Taken as a whole, these decisions have set dangerous precedents for similar cases. And we won’t have long to wait before the Supreme Court faces a similarly crucial case. On November 4, the court will hear oral arguments in the case of Fulton v. City of Philadelphia. This dispute stems from a disagreement between Catholic Social Services and the City of Philadelphia, which contracted with the agency for foster child placement. Catholic Social Services argues that the city discriminated against it because of the agency’s religious beliefs.
“Philadelphia demands that a religious agency, an arm of a church, speak and act according to Philadelphia’s beliefs,” Catholic Social Services’ lawyers have argued. “The free exercise clause was made for cases like this one.” They have also launched a separate website, Free to Foster, to share the stories of the foster families who are unable to take care of children because of Philadelphia’s policies. The website lists other jurisdictions where governments have “bullied” and “targeted” “faith-affirming foster care ministries.”

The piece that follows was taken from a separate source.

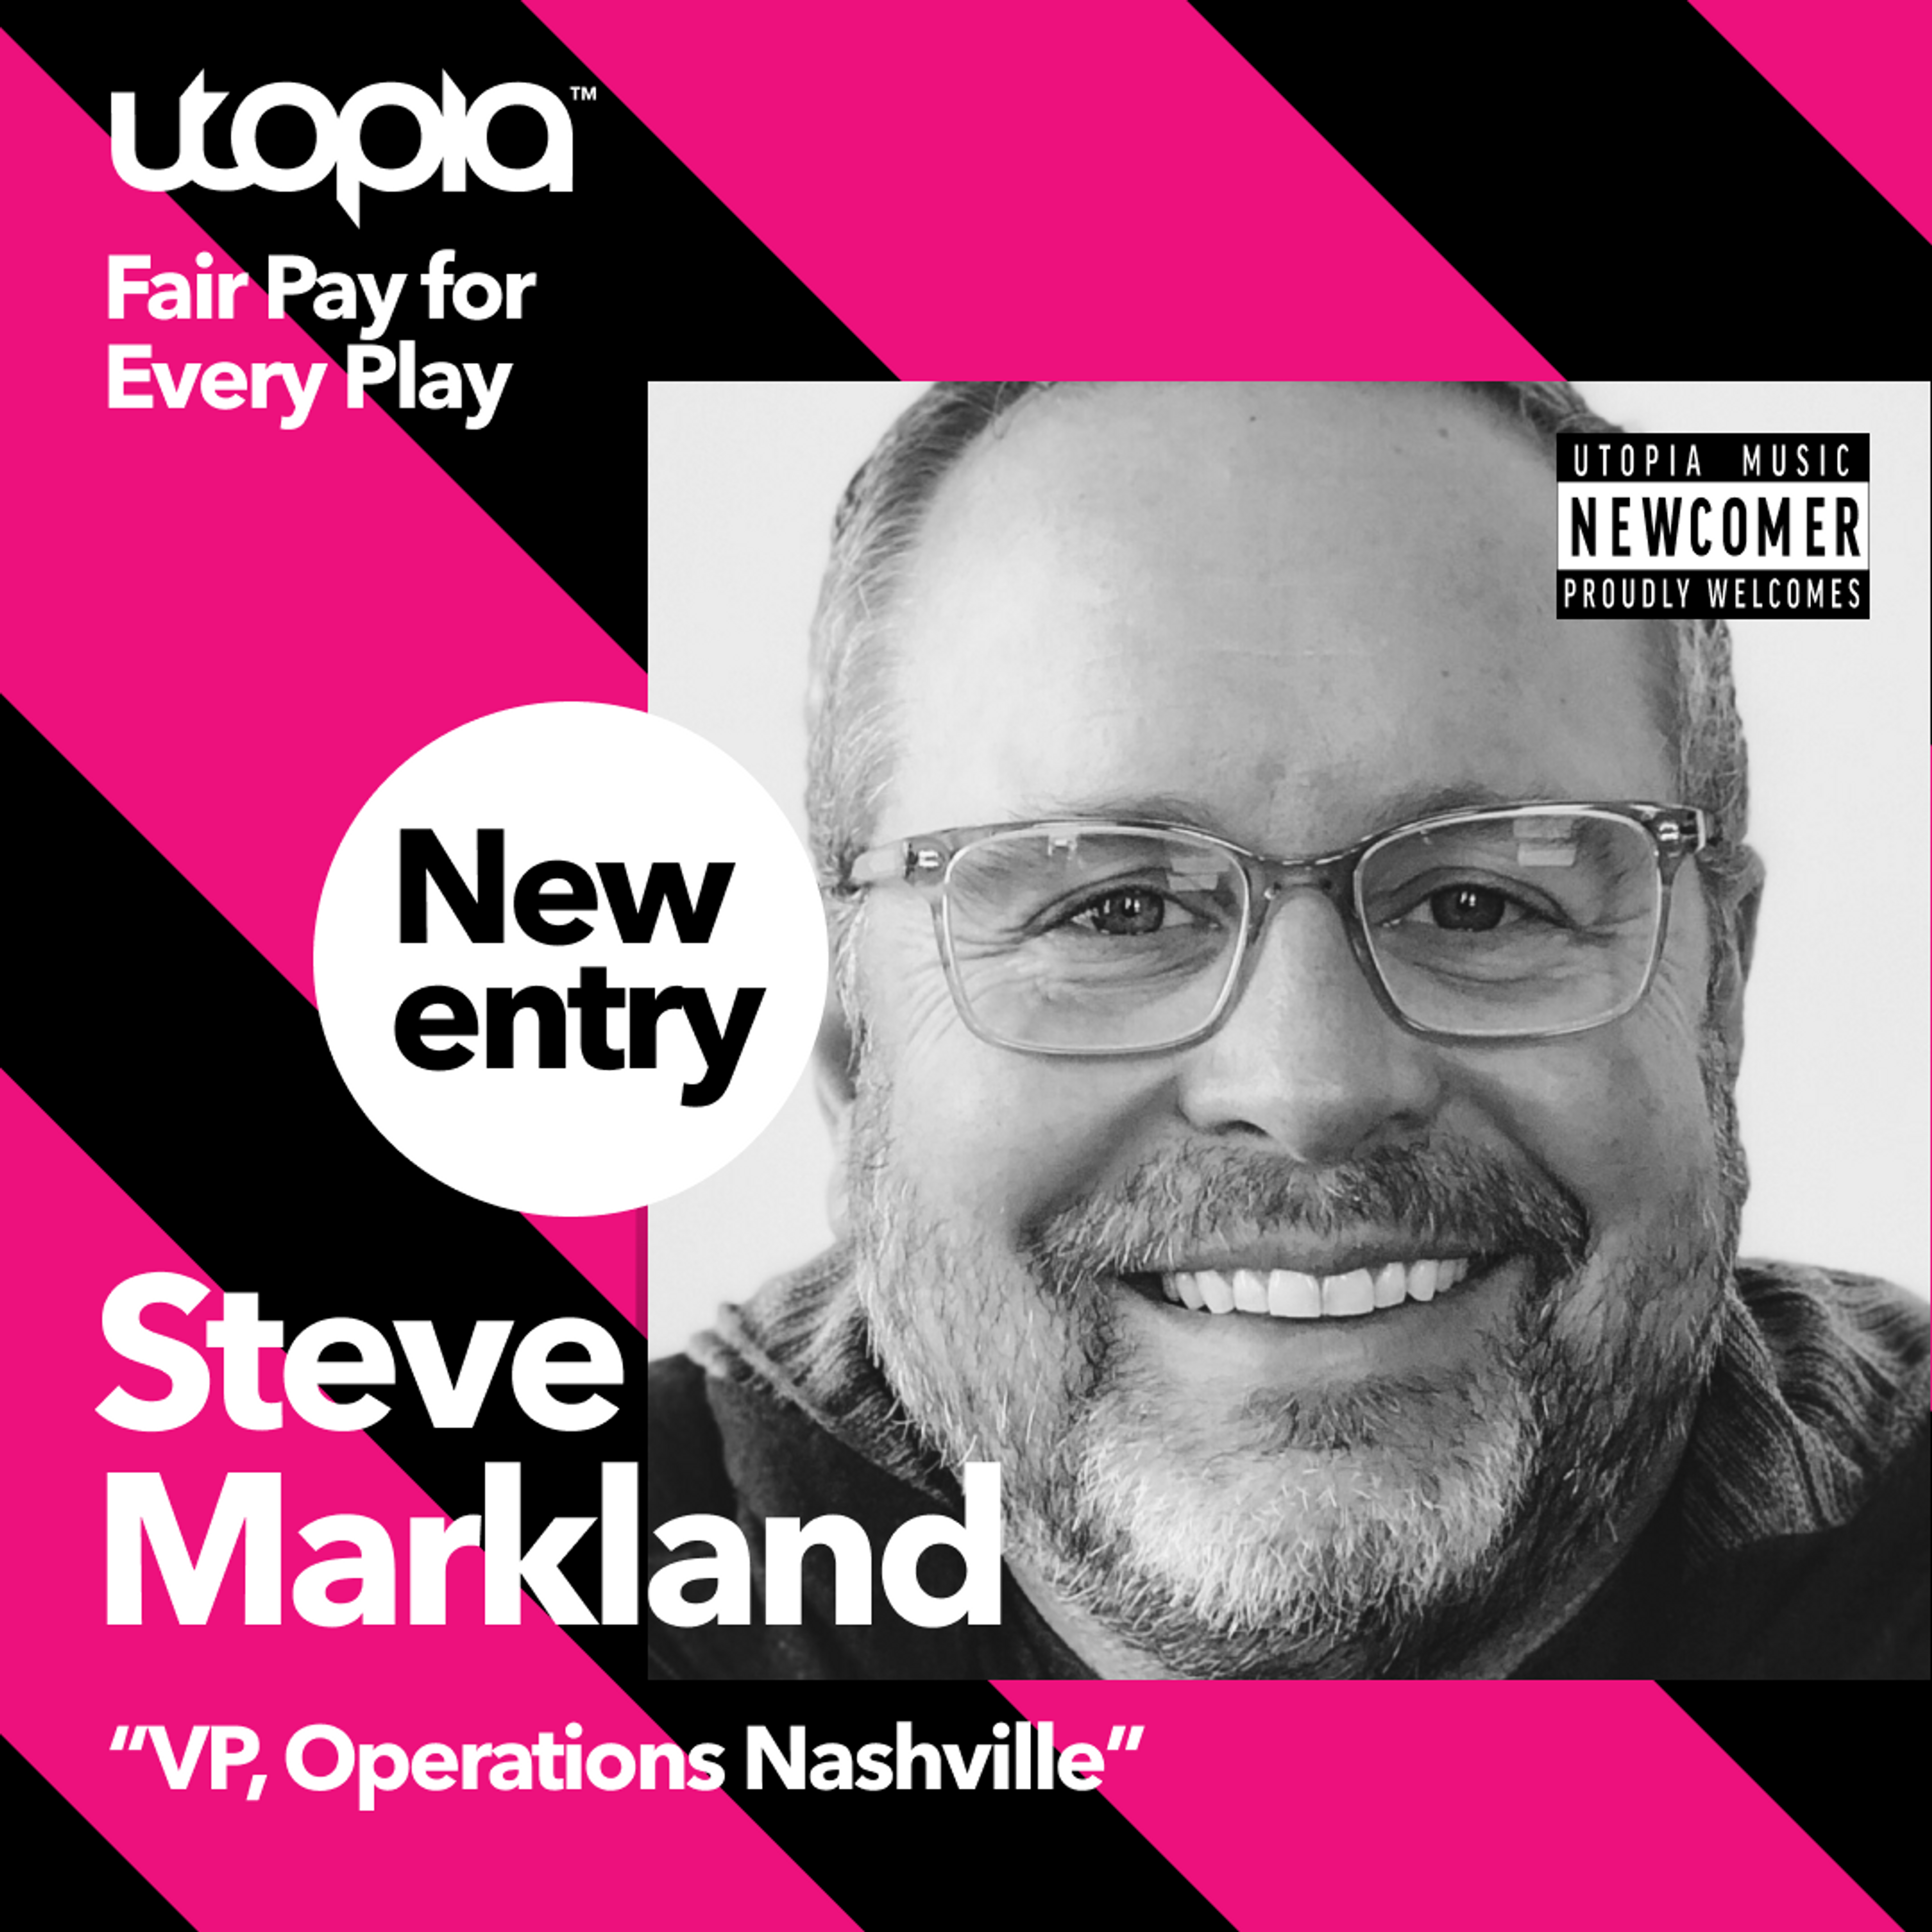 Card image for Steve Markland joins Utopia as VP for Nashville

In fact, Philadelphia ended its contract with Catholic Social Services because the agency has refused to place children with LGBTQ parents, in violation of city nondiscrimination rules. (The city renewed its contract with Bethany Christian Services, another agency that refused to place children with same-sex couples, after Bethany changed its policy.) The agency isn’t just asking for an exemption from the law. It’s asking to be publicly funded on its own terms.
“The bottom line is, it’s the government’s money,” explained Caroline Mala Corbin, a professor at University of Miami School of Law who joined several other First Amendment scholars in an amicus brief supporting Philadelphia. “If they don’t want to give it to a group that discriminates, it certainly doesn’t violate the free exercise clause.”

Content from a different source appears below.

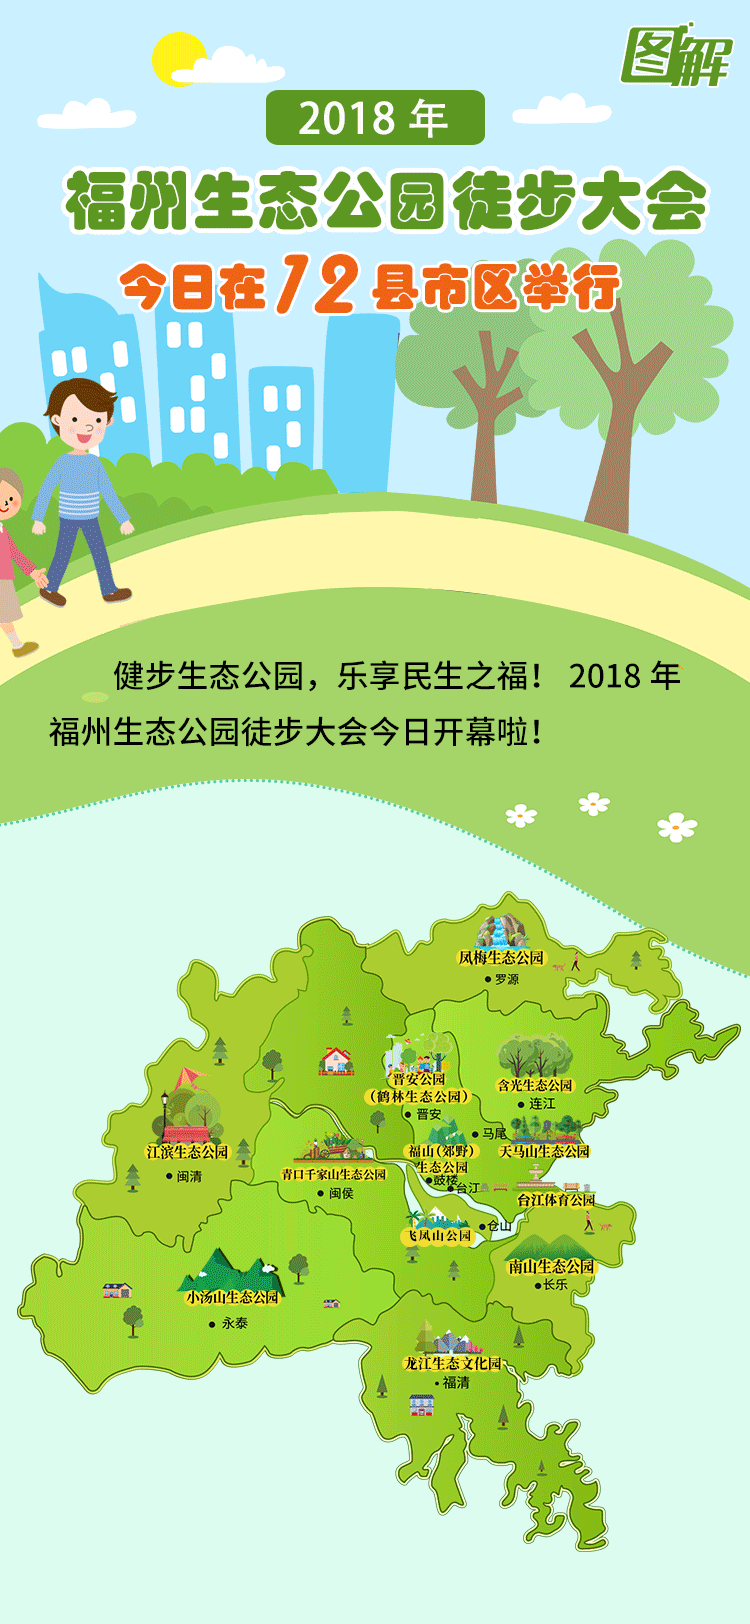 2018年福州生态公园徒步大会今日在12县市区举行

The arguments raised by Catholic Social Services echo the cries of right-wing pundits who argue that liberals are showing anti-Catholic bias in their criticism of Judge Barrett. Indeed, Barrett’s religious views on abortion do stand in tension with millions of Americans’ desire and right to preserve their bodily autonomy. Should Barrett be confirmed, she would join a Supreme Court all too willing to dismiss the latter.

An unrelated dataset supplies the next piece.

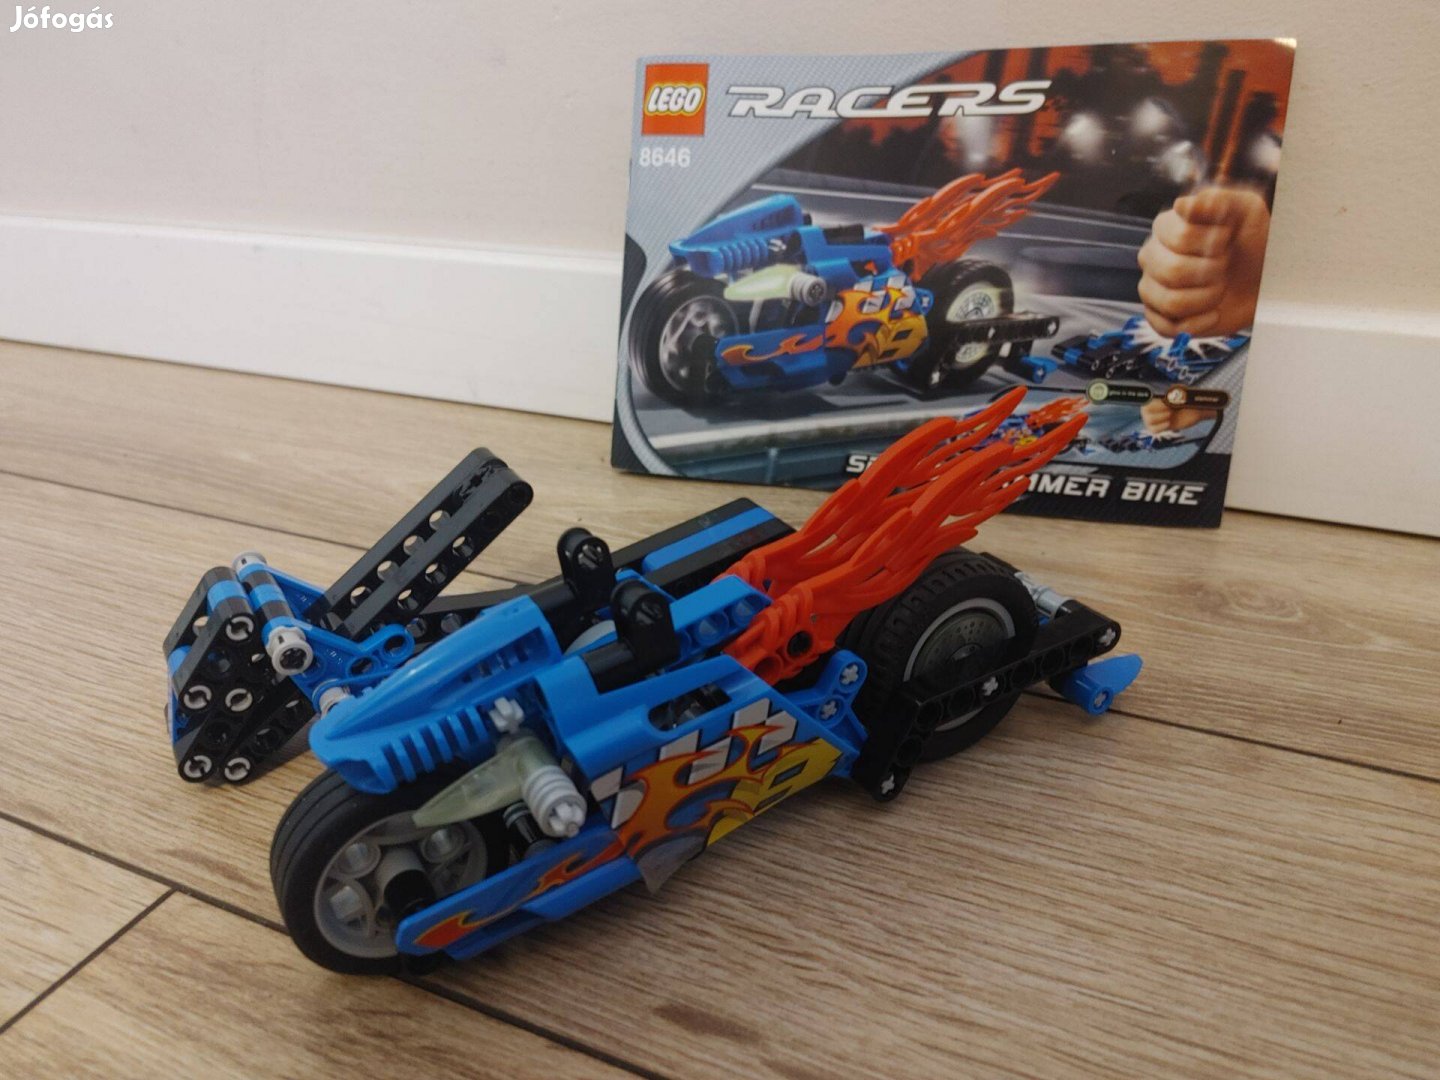 Lego, Racers - Speed Slammer Bike (8646)

Ultimately, we don’t know how a Justice Barrett might rule in a future case like Fulton or how she might have ruled in the cases the court heard last term. There is plenty of evidence that she’s likely to side with conservative religious actors, however. In 2018, while on the Seventh Circuit, she ruled that a Hebrew teacher at a Jewish private school was barred from suing the school under the Americans With Disabilities Act because of the law’s ministerial exemption. Barrett has said the Affordable Care Act’s birth control mandate was an assault on personal religious freedom. She has also been a paid speaker at several law school training events run by the Alliance Defending Freedom.
But the Supreme Court’s current conservative majority hardly needs to wait for Barrett to join them. Just this week, Justices Thomas and Alito went out of their way to call Kim Davis, the Kentucky county clerk who refused to issue a marriage license for a same-sex couple, a “victim” of Obergefell. In an unusual statement accompanying the court’s decision not to hear Davis’s appeal, the justices lamented Obergefell’s “cavalier treatment of religion” and clutched their pearls at the notion Davis might be a bigot. It seems likely that Trump’s latest high court nominee shares these beliefs. It seems just as likely, however, that they’ll make their way into Supreme Court rulings even if the vagaries of electoral politics or the coming confirmation process prevent Barrett’s ascension.